First, let’s import the necessary libraries and create a SparkSession, the entry point to use PySpark.

import findspark
findspark.init()
from pyspark import SparkFiles
from pyspark.sql import SparkSession

from pyspark.ml.feature import VectorAssembler, StandardScaler
from pyspark.ml.clustering import KMeans
from pyspark.ml.evaluation import ClusteringEvaluator
import matplotlib.pyplot as plt
import pandas as pd

spark = SparkSession.builder.appName("Mastering K-means Clustering with PySpark MLlib").getOrCreate()

2. Load the dataset

For this example, we will use the Breast Cancer Wisconsin (Diagnostic) dataset

url = "https://raw.githubusercontent.com/selva86/datasets/master/Iris.csv"
spark.sparkContext.addFile(url)

df = spark.read.csv(SparkFiles.get("Iris.csv"), header=True, inferSchema=True)
df.show(5)
+---+-------------+------------+-------------+------------+-----------+
| Id|SepalLengthCm|SepalWidthCm|PetalLengthCm|PetalWidthCm|    Species|
+---+-------------+------------+-------------+------------+-----------+
|  1|          5.1|         3.5|          1.4|         0.2|Iris-setosa|
|  2|          4.9|         3.0|          1.4|         0.2|Iris-setosa|
|  3|          4.7|         3.2|          1.3|         0.2|Iris-setosa|
|  4|          4.6|         3.1|          1.5|         0.2|Iris-setosa|
|  5|          5.0|         3.6|          1.4|         0.2|Iris-setosa|
+---+-------------+------------+-------------+------------+-----------+
only showing top 5 rows

3. Data Preprocessing

Before performing K-means clustering, preprocess the data by assembling the features into a single column and scaling the features to a comparable range

# Assembling features into a single column
assembler = VectorAssembler(inputCols=["SepalLengthCm", "SepalWidthCm", "PetalLengthCm", "PetalWidthCm"], outputCol="features")
data_df = assembler.transform(df)

# Scaling the features
scaler = StandardScaler(inputCol="features", outputCol="scaled_features")
scaler_model = scaler.fit(data_df)
data_df = scaler_model.transform(data_df)

data_df.show(5)
+---+-------------+------------+-------------+------------+-----------+-----------------+--------------------+
| Id|SepalLengthCm|SepalWidthCm|PetalLengthCm|PetalWidthCm|    Species|         features|     scaled_features|
+---+-------------+------------+-------------+------------+-----------+-----------------+--------------------+
|  1|          5.1|         3.5|          1.4|         0.2|Iris-setosa|[5.1,3.5,1.4,0.2]|[6.15892840883878...|
|  2|          4.9|         3.0|          1.4|         0.2|Iris-setosa|[4.9,3.0,1.4,0.2]|[5.9174018045706,...|
|  3|          4.7|         3.2|          1.3|         0.2|Iris-setosa|[4.7,3.2,1.3,0.2]|[5.67587520030241...|
|  4|          4.6|         3.1|          1.5|         0.2|Iris-setosa|[4.6,3.1,1.5,0.2]|[5.55511189816831...|
|  5|          5.0|         3.6|          1.4|         0.2|Iris-setosa|[5.0,3.6,1.4,0.2]|[6.03816510670469...|
+---+-------------+------------+-------------+------------+-----------+-----------------+--------------------+
only showing top 5 rows

4. Finding the Optimal Number of Clusters (K)

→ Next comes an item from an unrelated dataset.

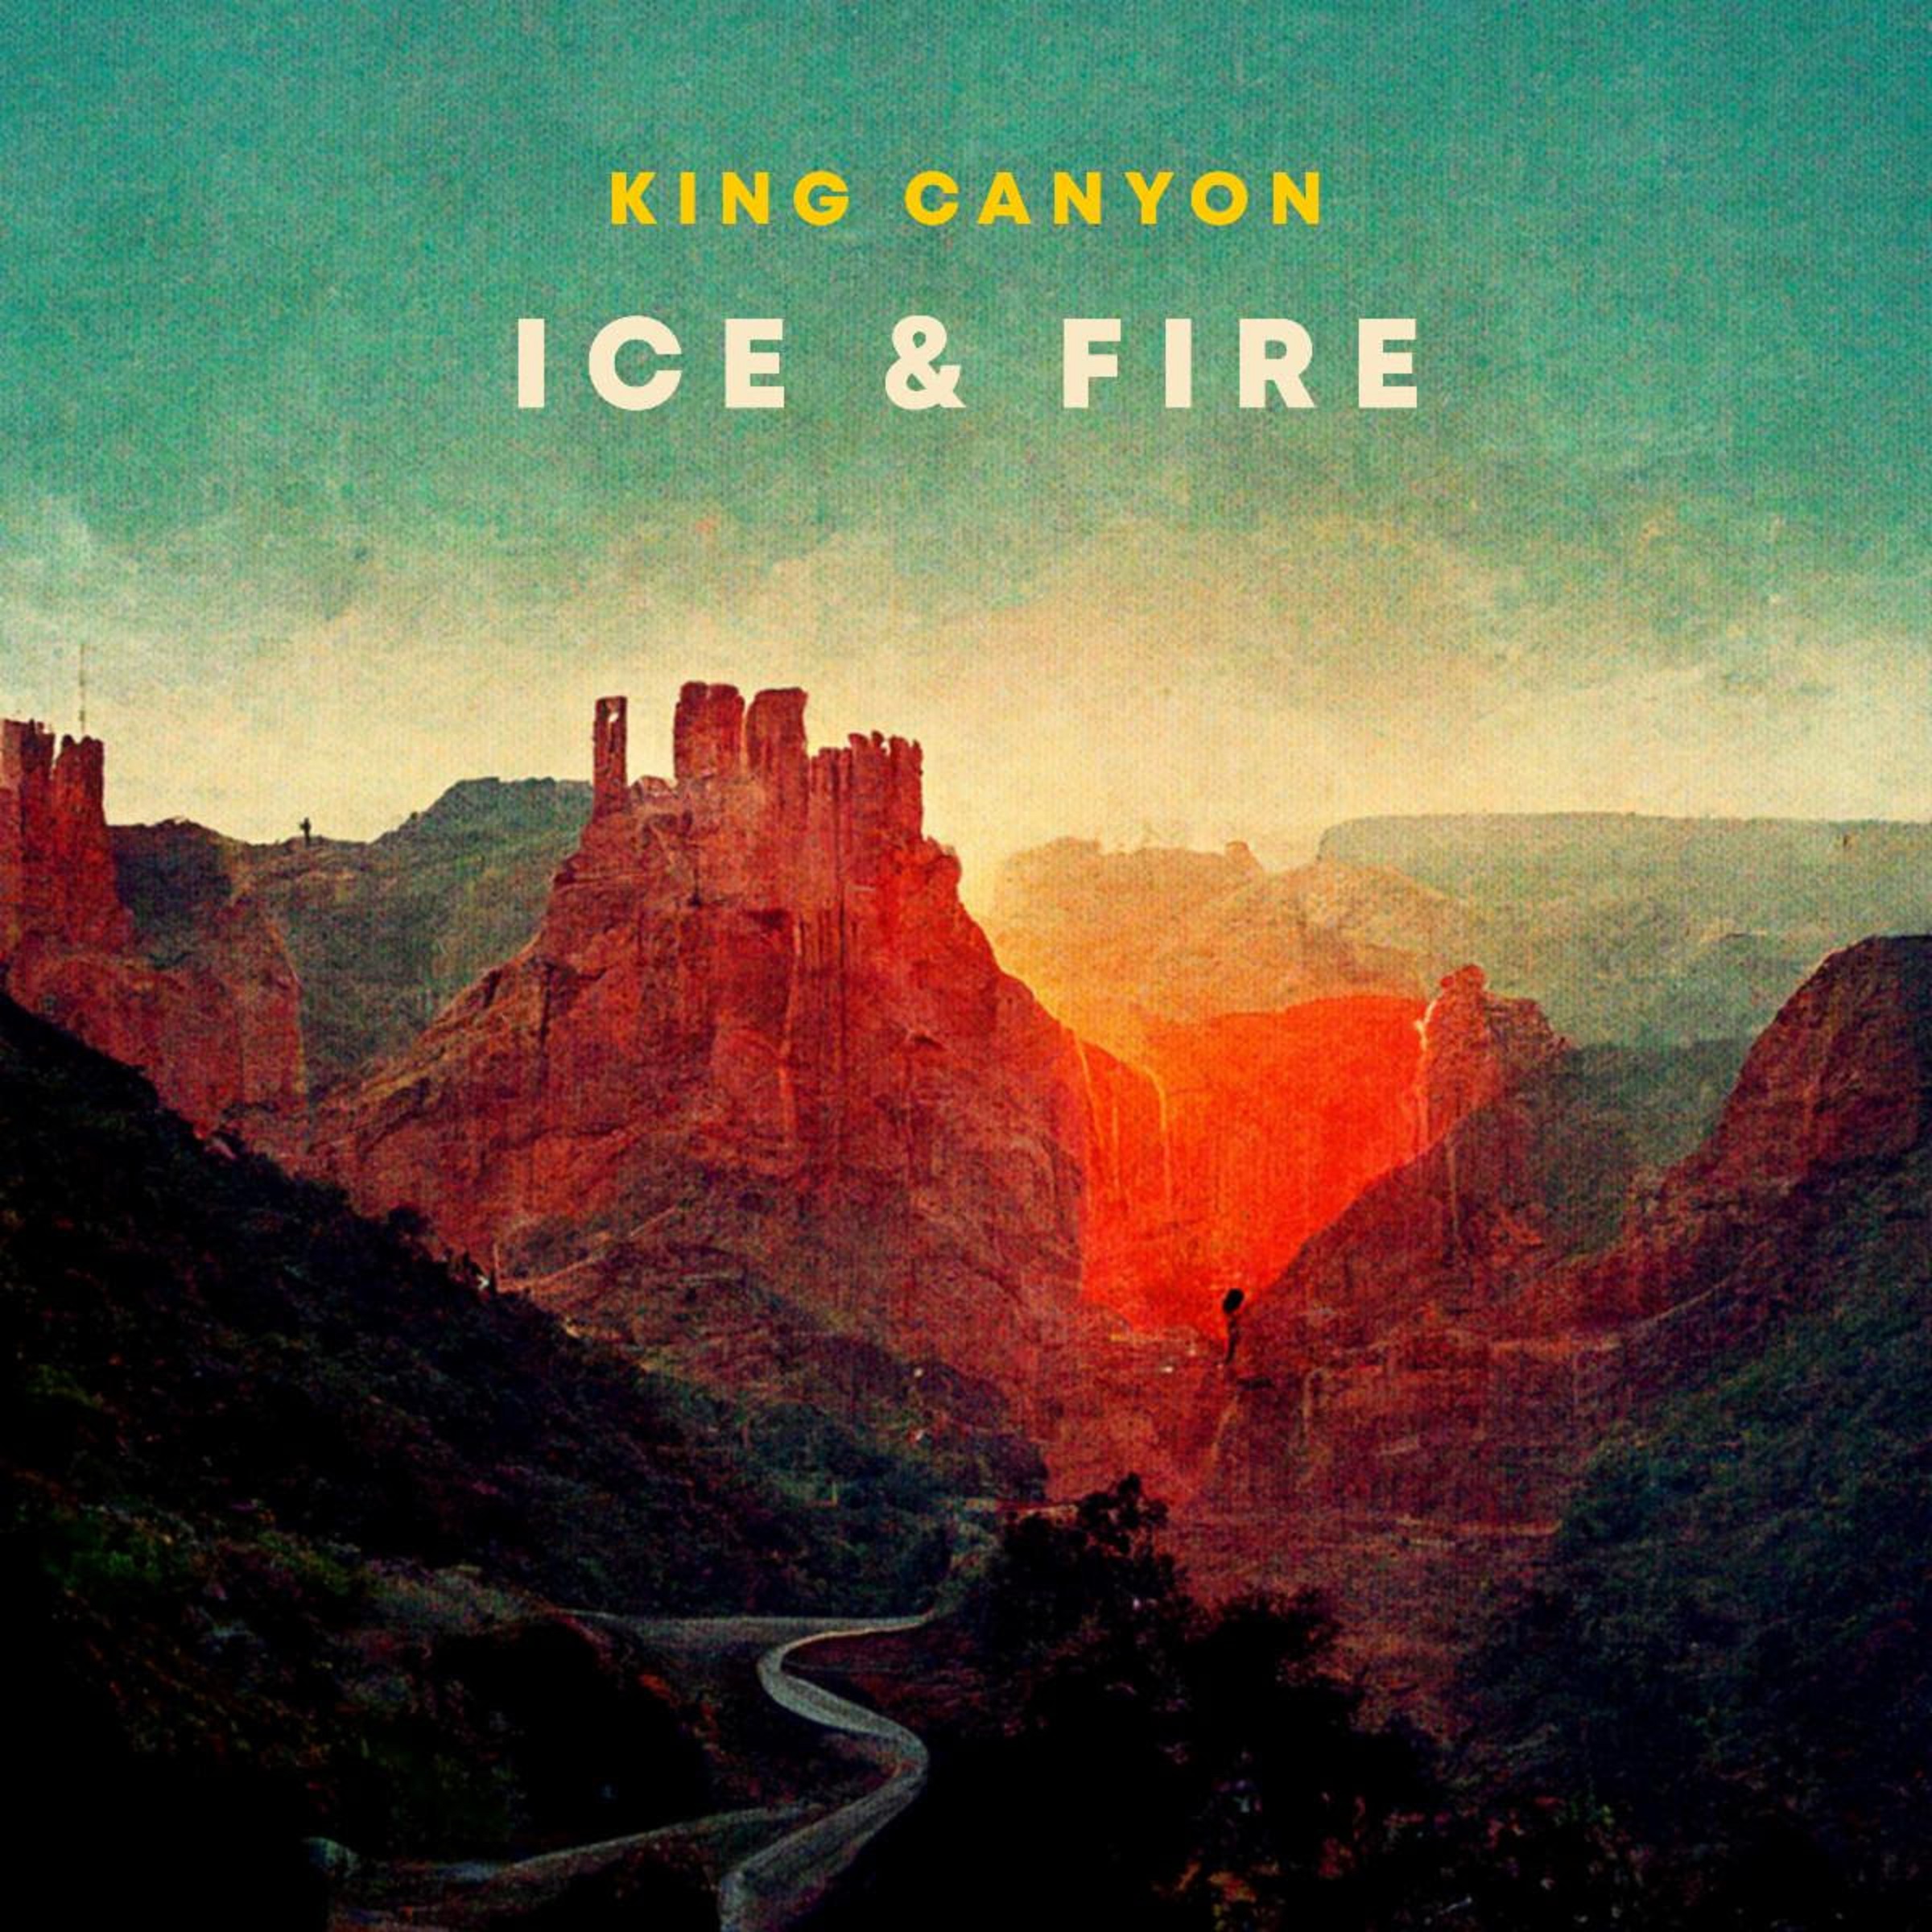 Eric Krasno's King Canyon Drop New Single "Ice & Fire" ft. Son Little

One of the challenges with K-means clustering is determining the optimal number of clusters (K). We can use the “elbow method” to find the best K value by plotting the Within Set Sum of Squared Errors (WSSSE) for different K values and finding the “elbow point”

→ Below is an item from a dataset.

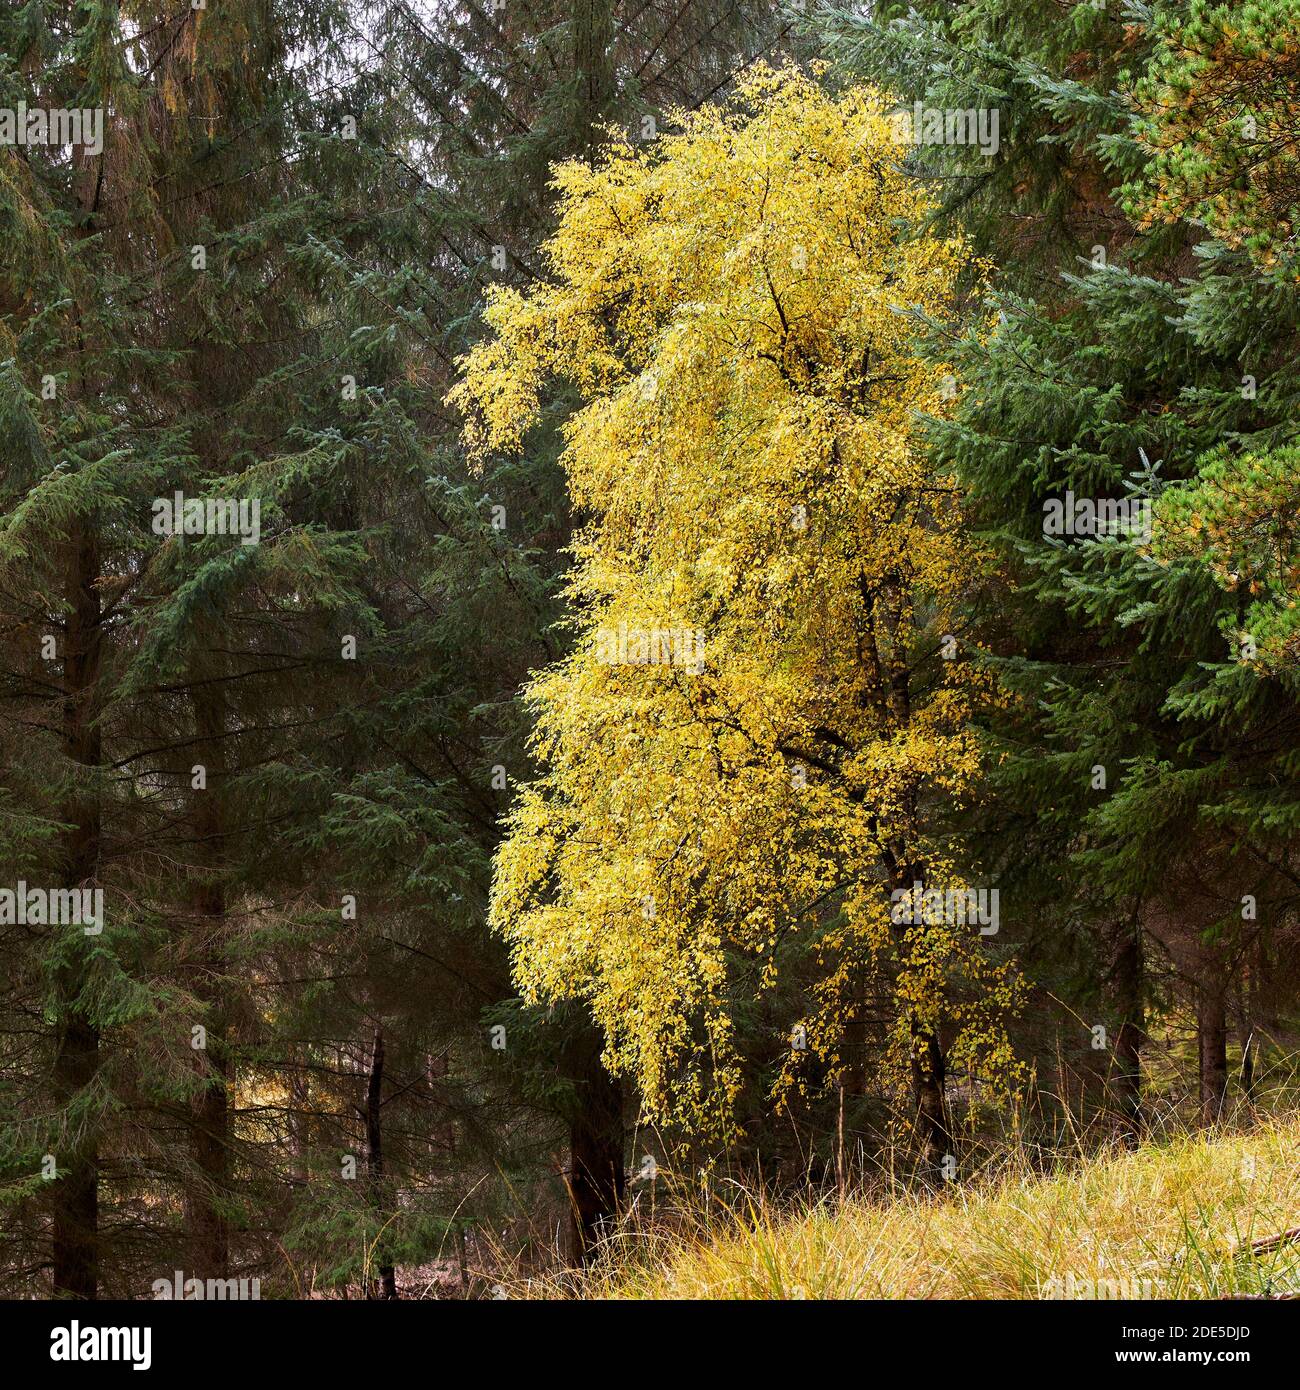 Silver Birch tree on the edge of a forestry plantation, Glen Lyon, Perth and Kinross, Scotland. Stock Photo

# Computing WSSSE for K values from 2 to 8
wssse_values =[]
evaluator = ClusteringEvaluator(predictionCol='prediction', featuresCol='scaled_features', \
                                metricName='silhouette', distanceMeasure='squaredEuclidean')

for i in range(2,8):    
    KMeans_mod = KMeans(featuresCol='scaled_features', k=i)  
    KMeans_fit = KMeans_mod.fit(data_df)  
    output = KMeans_fit.transform(data_df)   
    score = evaluator.evaluate(output)   
    wssse_values.append(score)  
    print("Silhouette Score:",score)
Silhouette Score: 0.7714149126311811
Silhouette Score: 0.673053224228898
Silhouette Score: 0.5828460108251851
Silhouette Score: 0.5177329198703228
Silhouette Score: 0.5315277151877008
Silhouette Score: 0.5308094572223238
# Plotting WSSSE values
plt.plot(range(1, 7), wssse_values)
plt.xlabel('Number of Clusters (K)')
plt.ylabel('Within Set Sum of Squared Errors (WSSSE)')
plt.title('Elbow Method for Optimal K')
plt.grid()
plt.show()

From the plot, we can observe an “elbow point” where the decrease in WSSSE slows down. In our example, let’s assume that the optimal K value is 4.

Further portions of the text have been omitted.